И я, закинув на плечо ремень тощей спортивной сумки, решительно отправился в новую, самостоятельную жизнь. Предварительно, правда, сделал остановку у ближайшего банкомата и снял со своей карты все имевшиеся на ней наличные. Эту карту мне когда-то отец сделал, привязав к своему расчетному счёту и ограничив доступный для снятия лимит, чтобы я во все тяжкие по недомыслию и скудоумию не пустился. А теперь, когда я пошёл против его воли, он вполне мог эту карту и заблокировать. С него станется. Так что лучше заранее подстраховаться, чем потом совсем без копейки остаться.

Наличных в итоге получилось немного. Мамина пятитысячная купюра, три восемьсот пятьдесят снятых с карты рублей, да ещё двести по карманам мелочью наскрёб. Итого всего девять тысяч. На билет и на первое время мне этих денег должно хватить, а там посмотрим. Может, отец передумает и меня простит, а может, я подработку какую-нибудь себе найду. Живут же как-то другие без родительских подачек? Значит, и я смогу.

Но одно дело с умным видом рассуждать об открывающихся предо мною возможностях, а совсем другое — эти возможности суметь реализовать. Деньги у меня закончились как-то слишком быстро и незаметно. Видимо, экономить не умею. А нормальной подработки я, как ни старался, так и не нашёл. Хотя с энтузиазмом хватался за любую вакансию, которая мне подворачивалась.

Сначала посуду в кафе мыл. Пока однажды туда не нагрянула санитарная инспекция и не обнаружила кучу самых разных нарушений. Кафе тут же закрыли, а все работники в мгновение ока превратились в безработных. Потом рекламные листовки на улице раздавал. Платили, конечно, сущие копейки, но всё лучше, чем вообще ничего. Но и тут мне не повезло. Работодатель неожиданно скрылся в неизвестном направлении, забыв заплатить за последние три дня.

Дольше всего, целых два месяца, я ночным сторожем на стройке трудился. Шикарнейшая была работа: делаешь обход вверенной тебе территории раз в два часа, и до следующего обхода занимайся, чем хочешь. Мой напарник либо боевики смотрел, либо в игры на телефоне рубился. А я усиленно учился. Работа работой, а стипендию терять тоже неохота. Она хоть и совсем нищенская, но какая-никакая, а все же денежка. Я ее и не тратил почти. Сделал карту теперь уже на своё имя, и перечисляемая туда каждый месяц стипендия копилась на чёрный день.
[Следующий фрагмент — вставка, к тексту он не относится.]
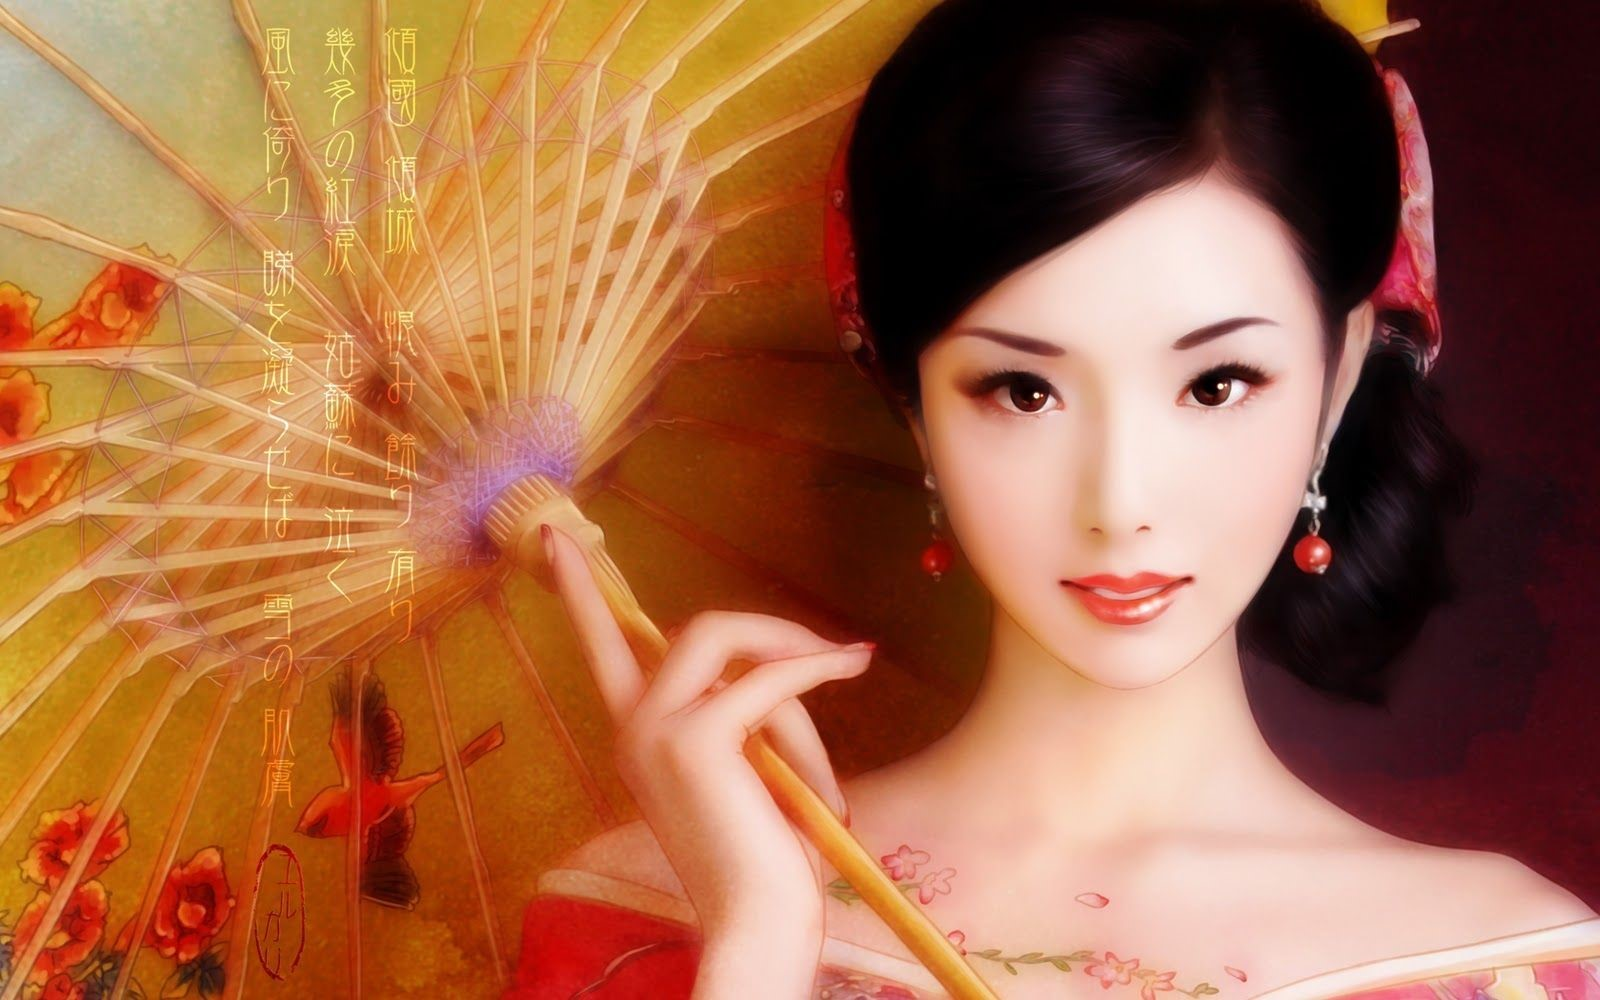 Japanese Geisha Girls Art Mobile Wallpapers

И такая предусмотрительность здорово меня выручила, когда судьба в очередной раз решила испытать меня на прочность. Зима в том году выпала на редкость капризная и переменчивая: то морозы под сорок, то внезапные оттепели практически до нуля. Мой ослабленный лишениями организм не успевал перестроиться, поэтому я простудился и слёг с высокой температурой на целую неделю. А ведь раньше я простуду всегда на ногах переносил, практически не замечая.

Тут же я валялся пластом и больше всего боялся умереть, так ничего в жизни не добившись. Вот тогда-то отец уж точно убедится в моей полнейшей инфантильности и бесполезности. А поскольку работал я на стройке неофициально, то ни о каком больничном и речи не шло. И я снова остался без работы. Да ещё все свои скудные сбережения потратил на лекарство да усиленное питание.
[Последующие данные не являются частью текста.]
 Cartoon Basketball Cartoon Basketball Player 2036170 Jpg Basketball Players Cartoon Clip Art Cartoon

Окончательно выздоровел я перед самой сессией и сдал её только чудом. Голова нещадно пухла от обилия грубо втискиваемых в неё знаний, а живот протестующе бурчал от постоянно подступавшего голода. Питался я жидким несладким чаем да лапшой быстрого приготовления. И то упаковку приходилось на два раза делить, чтобы хоть как-то до стипендии дотянуть. Но я всё выдержал и преодолел. И сессию сдал, и свои скудные продуктовые запасы до стипендии растянул. А что ещё оставалось делать? Не бросать же учёбу и умолять родителей, чтобы простили и приняли обратно.
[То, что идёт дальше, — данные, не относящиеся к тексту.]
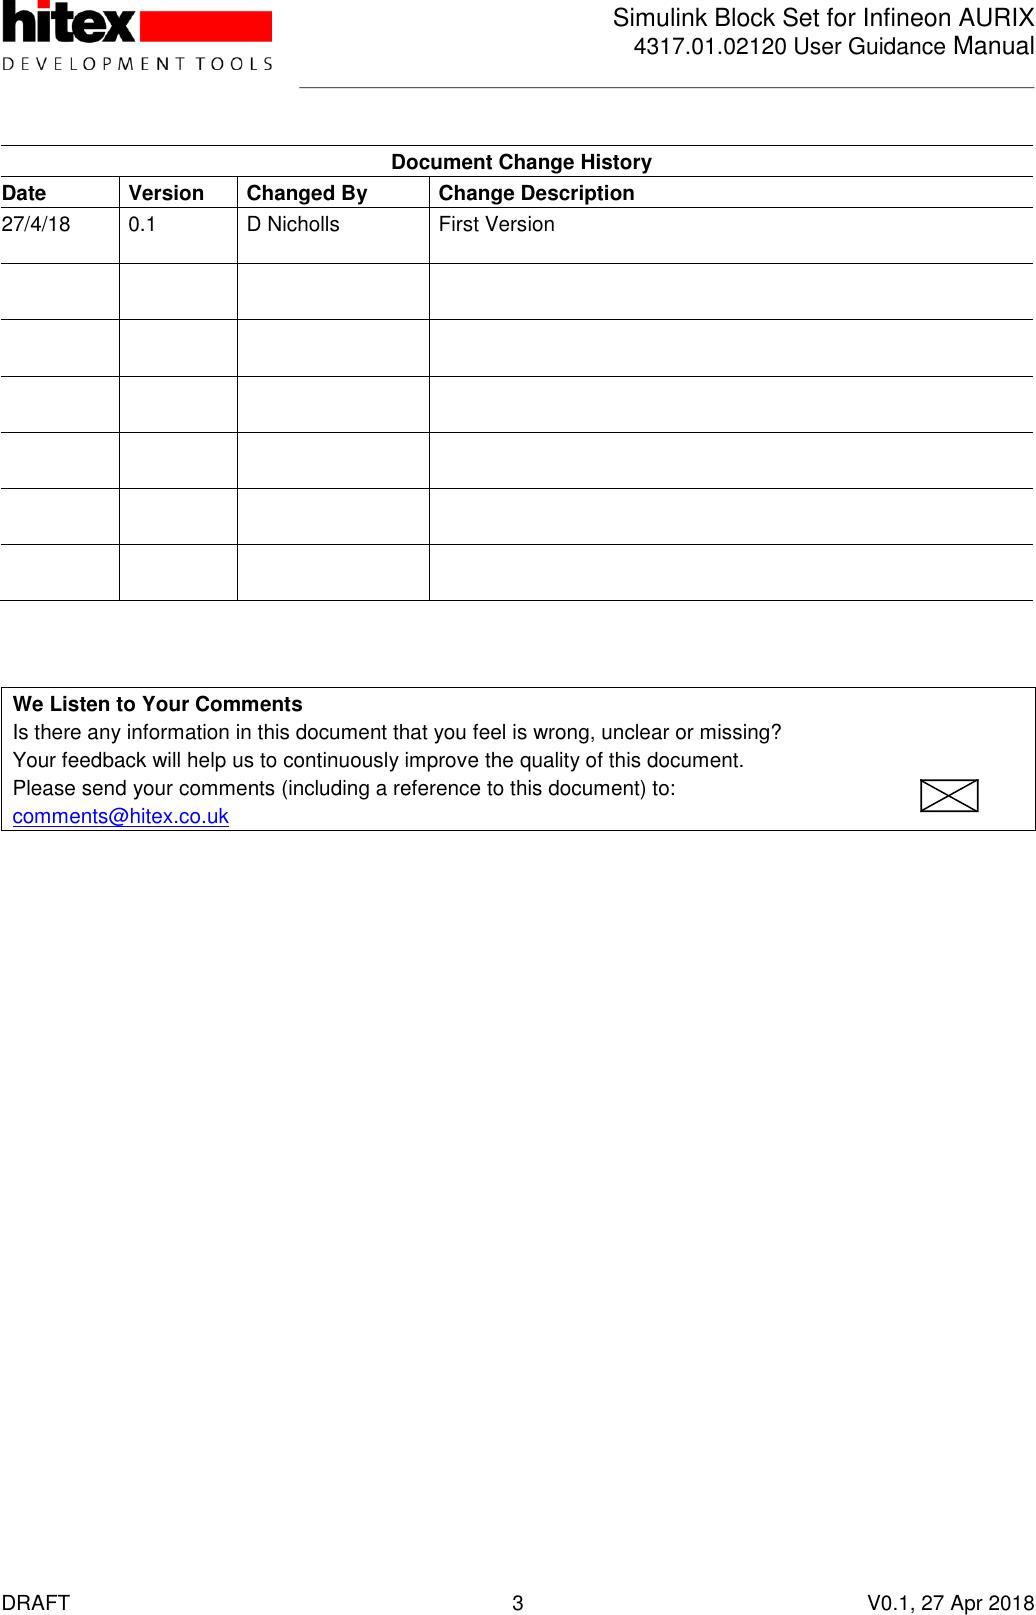 User Guidance Manual 4317 01 02120 AURIX Simulink Blockset

На каникулы соседи по общажному блоку разъехались по домам, я же остался в городе и бродил по заснеженным улицам и проспектам в поисках работы. Только кому нужен ничего толком не умеющий студент да ещё на неполный рабочий день? В пору было отчаяться и впасть в уныние, но я упрямо брел от кафе к магазину, от магазина к платной стоянке. И сам не заметил, как вскоре оказался возле родного университета. Рассеянно огляделся по сторонам и, увидев на решетчатой железной ограде афишу о встрече в актовом зале популярной писательницы с читателями, решил зайти погреться. Вход-то на мероприятие свободный, а на улице холодно.

Глава 2.

Вначале работа на Дарину Петровну Пташкину (так на самом деле звали мою работодательницу) приносила мне одни только приятные бонусы. По сравнению с предыдущими подработками это и работой-то настоящей не воспринималось, а скорее приятным отдыхом. Садишься за ноутбук, включаешь диктофон, слушаешь глубокий бархатный голос Дарины, рассказывающей о злоключениях героев, ставишь на паузу, печатаешь. Потом снова включаешь, слушаешь, дополняешь пропущенное. И так раз за разом.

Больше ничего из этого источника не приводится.